If that is what they wanted then 5 years later, James Gunn’s The Suicide Squad delivers, complete with the flowers. For consistency’s sake, 4 actors reprise their roles: Harley Quinn (Margot Robbie), Rick Flag (Joel Kinnaman), Captain Boomerang (Jai Courtney) and Amanda Waller (perfectly brought to life by Viola Davis). Like the first movie, The Suicide Squad sequel had growing pains – 3 different directors, a switch of one of the main characters in the hopes that Will Smith would return in the future, and helmer James Gunn’s temporary fall out of Hollywood favour for what Christ Pratt called, ‘inappropriate jokes from years ago.’

Despite all that, the new film feels cohesive under the writer/director guidance of Gunn. Like the best parts of its predecessor, it hearkens back to John Ostrander’s 1980s comic book run, featuring a group of losers most of whom the public hasn’t heard of.

Gunn’s major improvement is making his losers more likeable. We worry about them as bullets fly, buildings topple and people get eaten around them. ‘If you don’t care about the characters,’ Gunn told USA Today, ‘the heads exploding don’t really matter.’
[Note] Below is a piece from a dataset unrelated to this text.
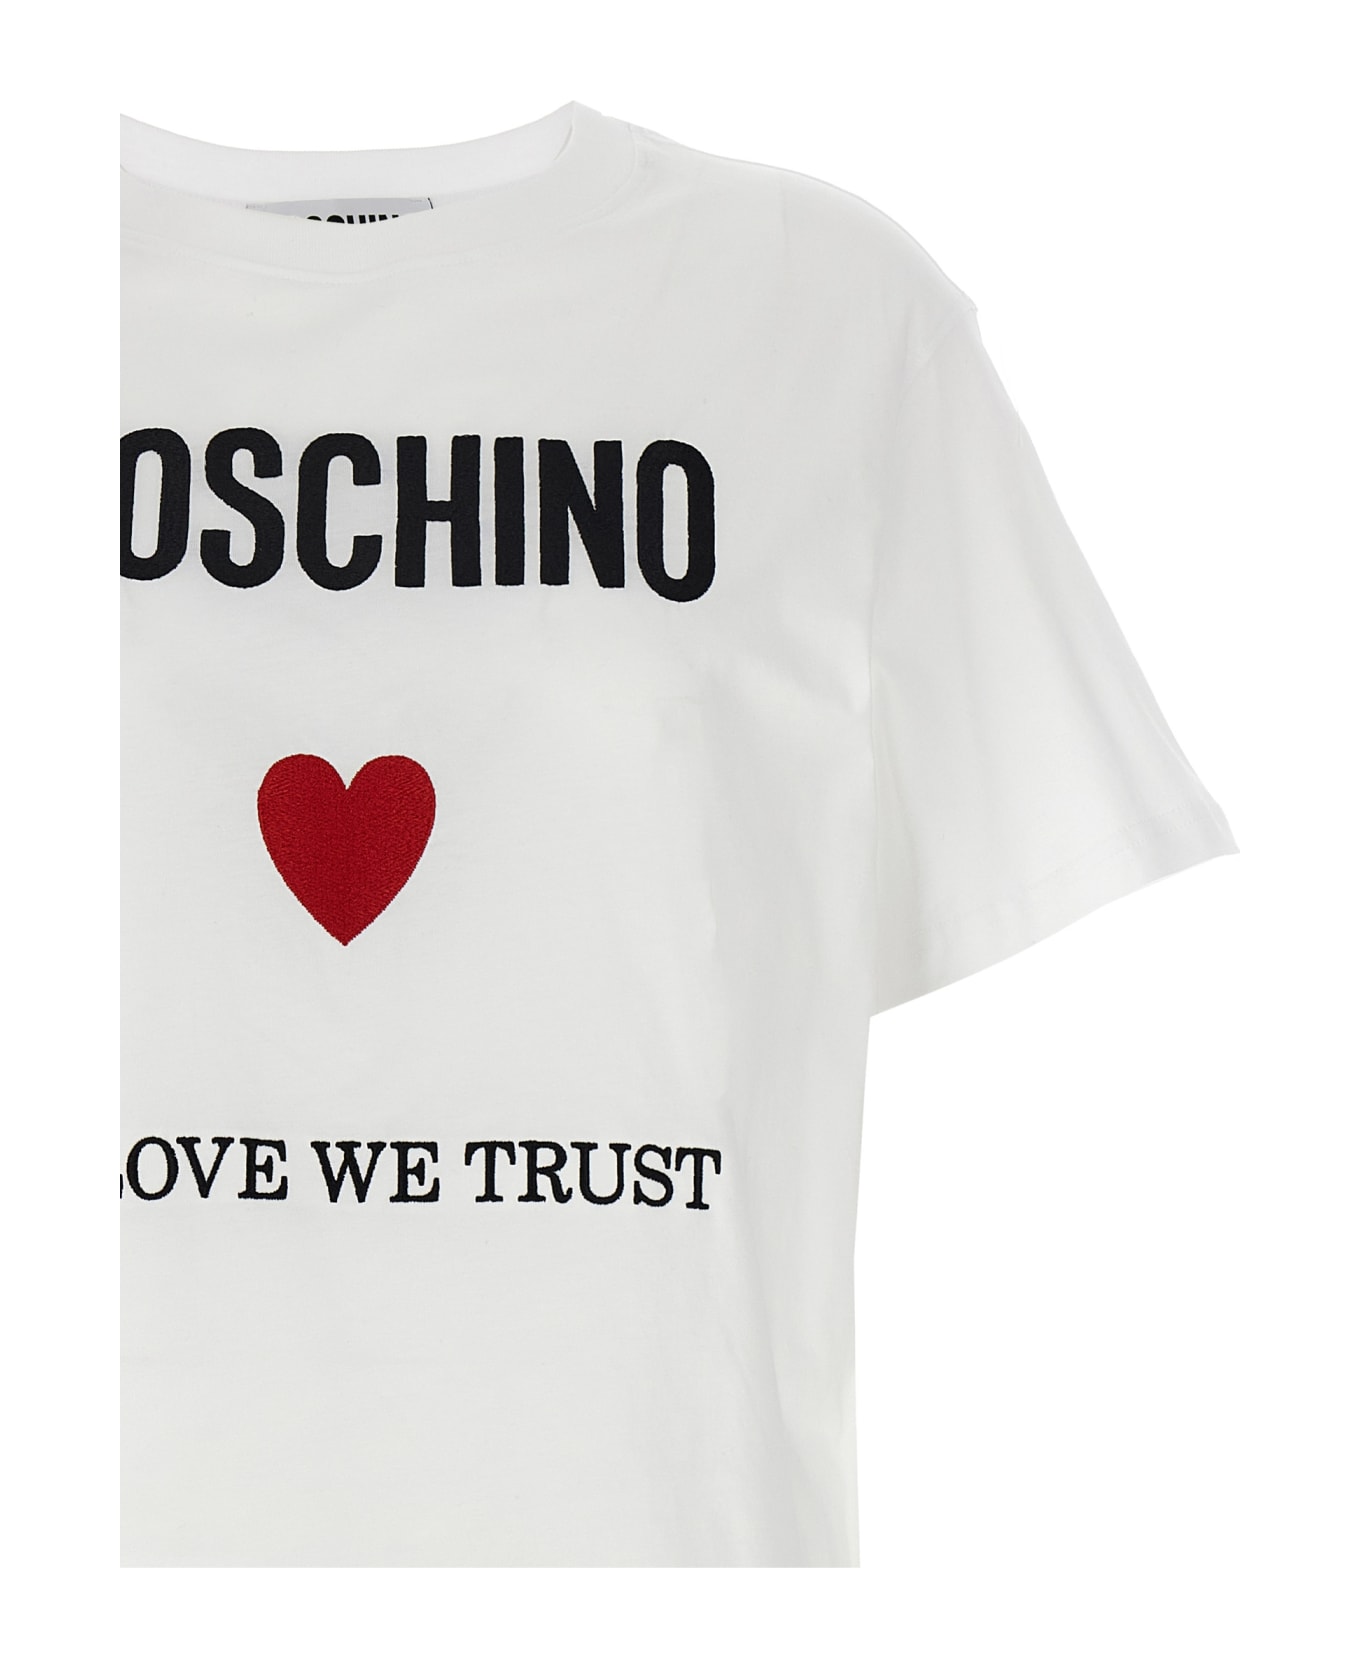 Moschino 'in Love We Trust' T-shirt

The obscurest characters get the most sympathy – Ratcatcher 2 (played by Daniela Melchior) has a backstory that got me quite choked up, Polka-Dot Man (David Dastmalchian) has massive mommy issues, King Shark (voiced by Sylvester Stallone) suffers pangs of loneliness. This is Hollywood character-building, to be sure – nothing too deep or unrelatable – but in the context of a quirky action flick, Gunn gets it. We are engaged, emotionally and visually.

Gunn’s narrative surprises keep us guessing who will survive and what will be left of them (the teaser posters say, ‘don’t get too attached.’). There’s great attention to detail (a gate leaves grooves in the ground as if it’s been opened and closed thousands of times; realistic gore is pecked from a headless corpse). The film is broken into chapters with Will Eisner-style titles formed out of the landscape. The Squad’s silver age appearances in The Brave and the Bold and Star Spangled War Stories are homaged with a show-stomping villain later in the movie.

In the centre of all this action and affectionate comic-bookery are Bloodsport (Idris Elba), a rewrite of Will Smith’s Deadshot that doesn’t feel like a mere replacement thanks to Elba’s gravitas; and Harley Quinn, in Robbie’s best performance so far as the demented, homicidal but somehow still utterly affable anti-hero.

Audiences might come for the comedy, the vivid imagery and war movie vibes but they’ll leave with feels for the craftily developed characters who are searching for a misfit family of their own, conflicting visions and all.